裏13話 思い出の体育祭① 三五くんモテモテ事件 高二 一学期
実はこのオレ、高波 三五さんは二年生になってから陸上部に入部したのだ。
日課のランニングをしている際に陸上部のクラスメイトにバッタリ遭遇して、話の流れで誘われたのが切っ掛けだ。
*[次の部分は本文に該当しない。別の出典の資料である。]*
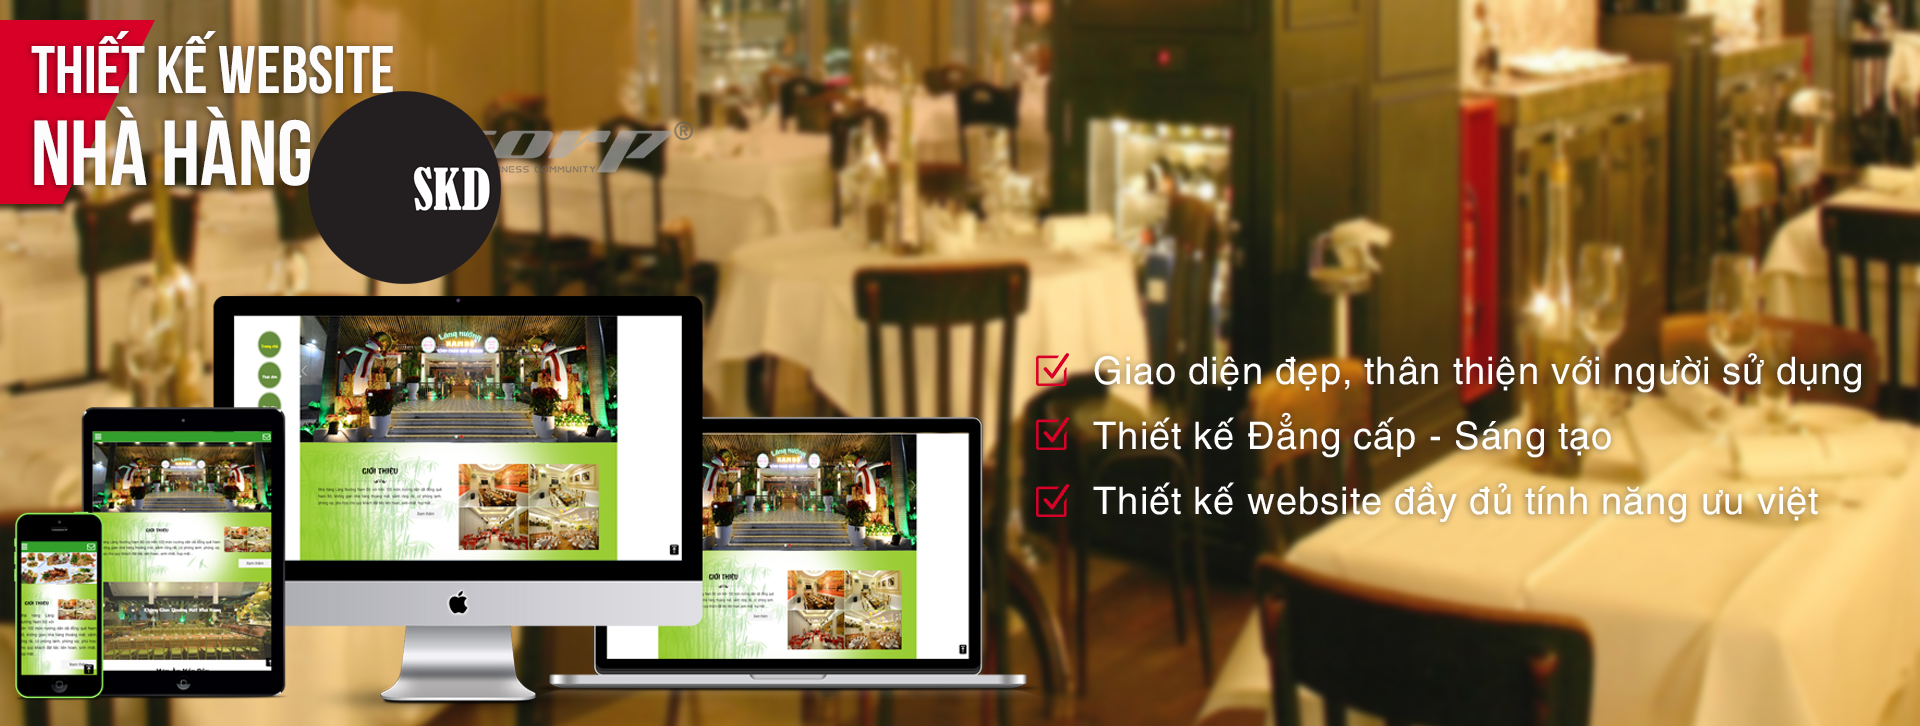 Lợi ích của thiết kế website cho nhà hàng, quán ăn !!!

入部が遅かったので大会の選手に選抜される事こそ無いものの、仲間と一緒に運動したり競い合う機会に恵まれた。
その甲斐あってオレの身体は以前よりも能率良く鍛えられていったのだった。
そこでオレは日頃の成果を発揮して湖宵に良い所を見せたいと思い、一大イベント ・ 体育祭に大張り切りで臨んだのだった。
オレの出場競技は借り物競争、障害物競争、そして湖宵とペアで出場する二人三脚だ。
陸上部なのに敢えてリレーを選択しないところにオレの勝利への執念を感じ取って欲しい。
目指せ! 一着!
張り切るオレのモチベーションを更に上げてくれるのが、応援に駆けつけてくれるメイお姉さんだ。
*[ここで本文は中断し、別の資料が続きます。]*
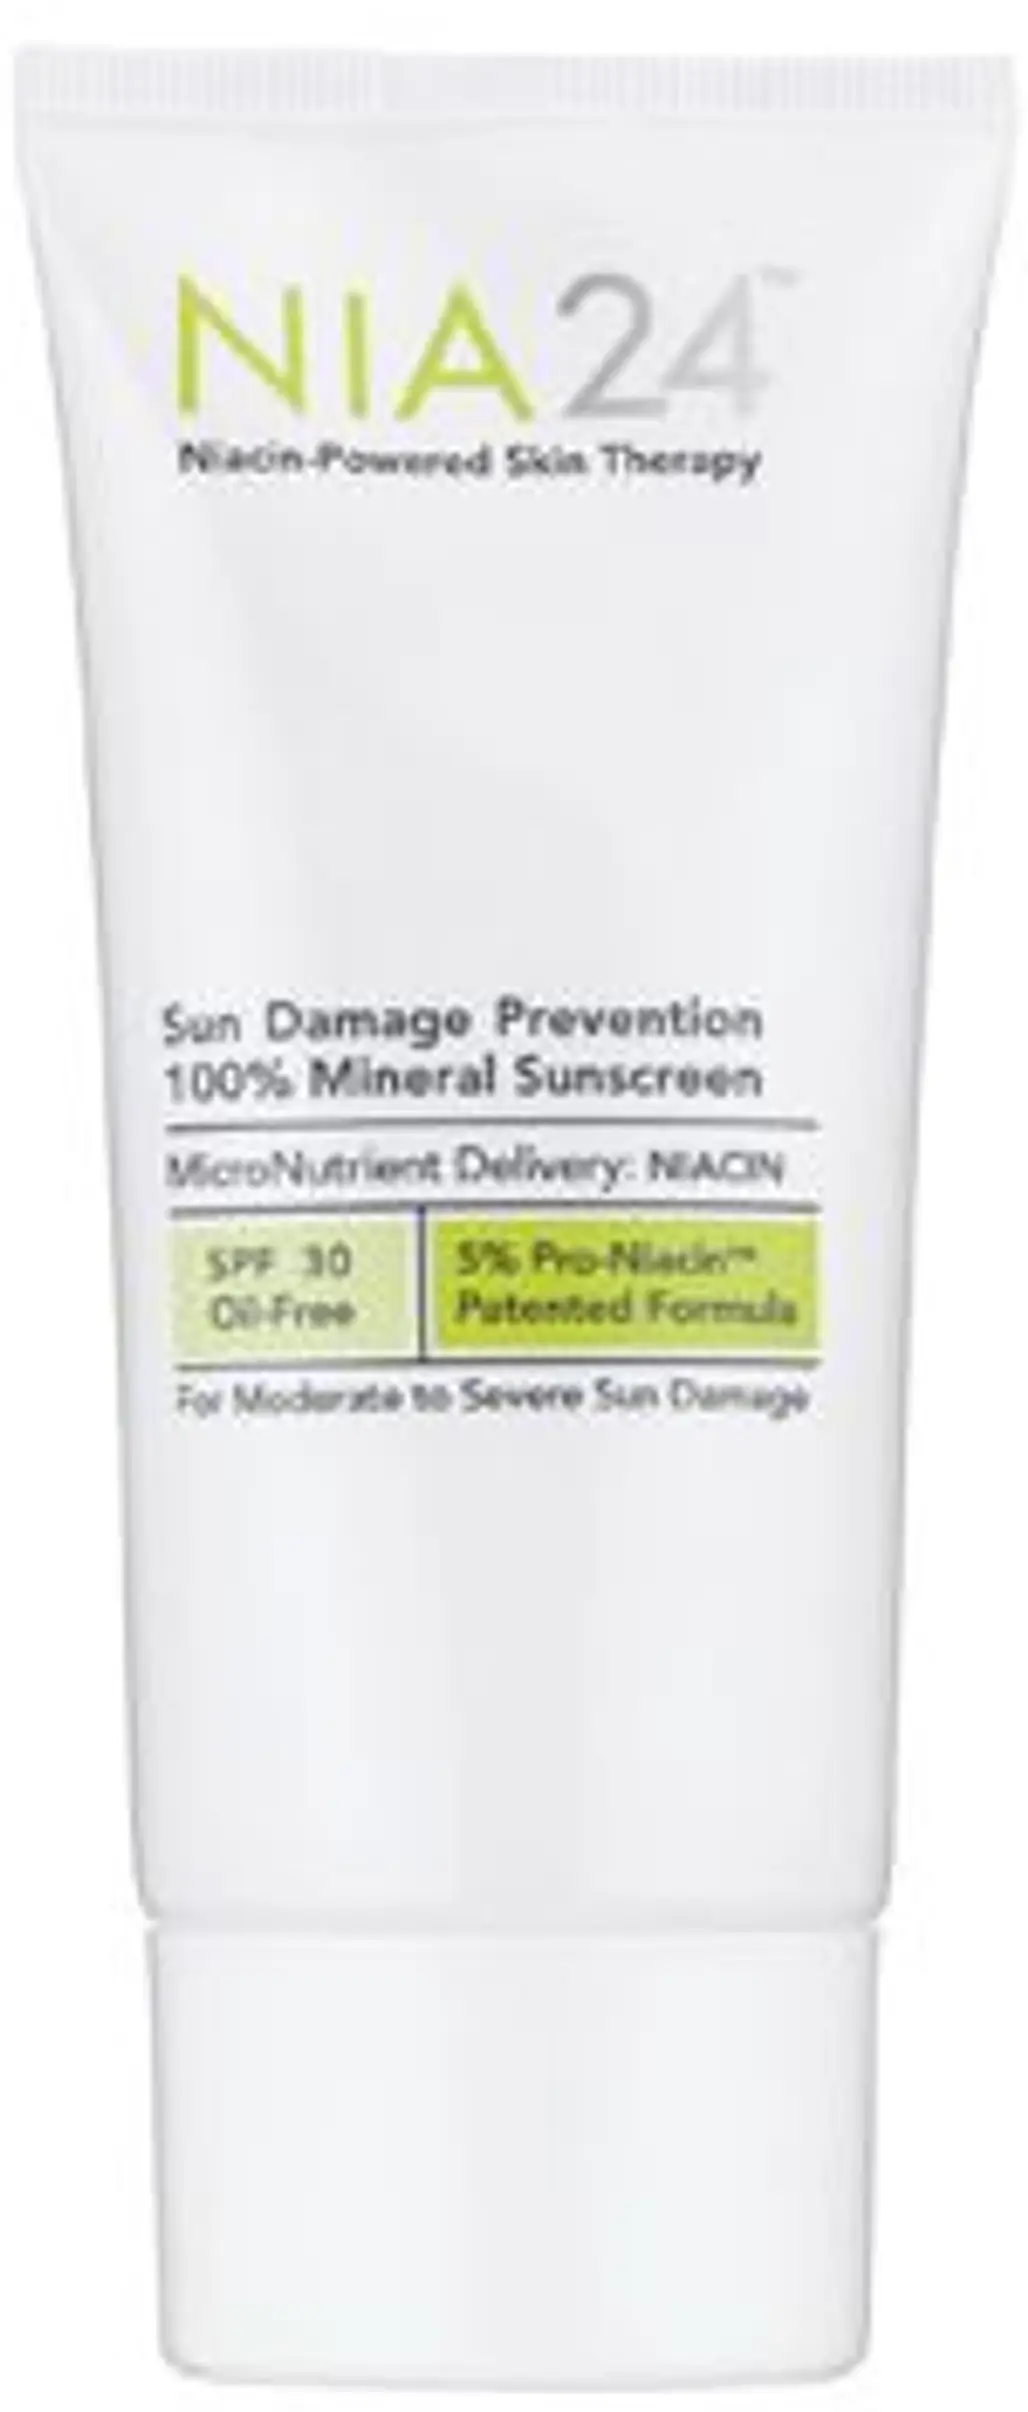 NIA24 Sun Damage Prevention SPF 30

しかも今年はアンお姉さんも来てくれて、二人で美味しいお弁当を作って来てくれるという。
気合いは充分だ! 頑張るぞ!
しかし、やる気満タンで迎えた体育祭当日。少し想定外の事態が起こった。
「お坊っちゃま~、三五ちゃ~ん、頑張って♪」
「きゃ~っ♡ 三五さぁ~ん♡ 体操着、とってもお似合いですぅ♡ あ、もちろん湖宵さんも応援してますよ♪ 頑張ってくださいねっ」
メイお姉さんとアンお姉さんの二人が応援に来てくれた。
ここまでは当初の予定通り。予定に無いのはアンお姉さんの後ろに並んでいる、七人の女性達だ。
「きゃ~っ♡ 生の三五様よっ♡」
「しかも体操服♡ 生足♡」
「カッコいい♡ あ~っ! 見てっ! 私達に手を振ってくれたよ♡」
「うれし~♡ 満たされりゅう~ん♡」
こちらの四人はハチマキ ・ ハッピ ・ 両手にウチワとかなり気合いの入った応援スタイルだ。
問題はそれぞれのアイテムに “三五♡” などという文言が印字されていること。
も、もしや彼女達はアンお姉さんのお友だちにして、元男性のQ極TS女子達? そしてオレのF Cのメンバー達!?
アンお姉さんを通してSNSとかでやり取りをした事はあるが、本人達をこの目で見るのは初めてだ。……本当に実在したのか。オレのファンの人達が。
「お兄さみゃ~♡ お嬢さみゃ~♡ アンみゃに連れてきてもらったみゃ~♡」
「面白そうだからノリでF Cにも入っちゃったにゃ♪」
「あか組がんばれ、しろ組もがんばれ……にゃ」
そして意外な三人組! ネコメイド喫茶CCCのネコさん達!
み~にゃさん、し~にゃさん、そ~にゃさんだ。いつの間にアンお姉さん達と知り合いになったんだ!? てゆ~か何故ここに!?
「三五さん、皆が着いて来たがっちゃって……。ご迷惑じゃないですか?」
「い、いえいえ、そんな。ビックリしたけど来てくれて嬉しいですよ」
「「「「きゃ~っ♡ 嬉しいぃ♡」」」」
好感度が高すぎる! 何もしてないのに!
「「「私達はノリで着いてきたにゃ~♪」」」
ネコさん達はオフでもいつもの調子なのか……。ノリノリにゃんこだな。
メイお姉さん以外は皆Q極TS女子という、もの凄い応援団だ。
オレは何でだかQ極TS女子に絶大な人気を誇る。
体育祭が始まってすらいないのに、応援にこもる熱気は既にオーバーヒート気味だ。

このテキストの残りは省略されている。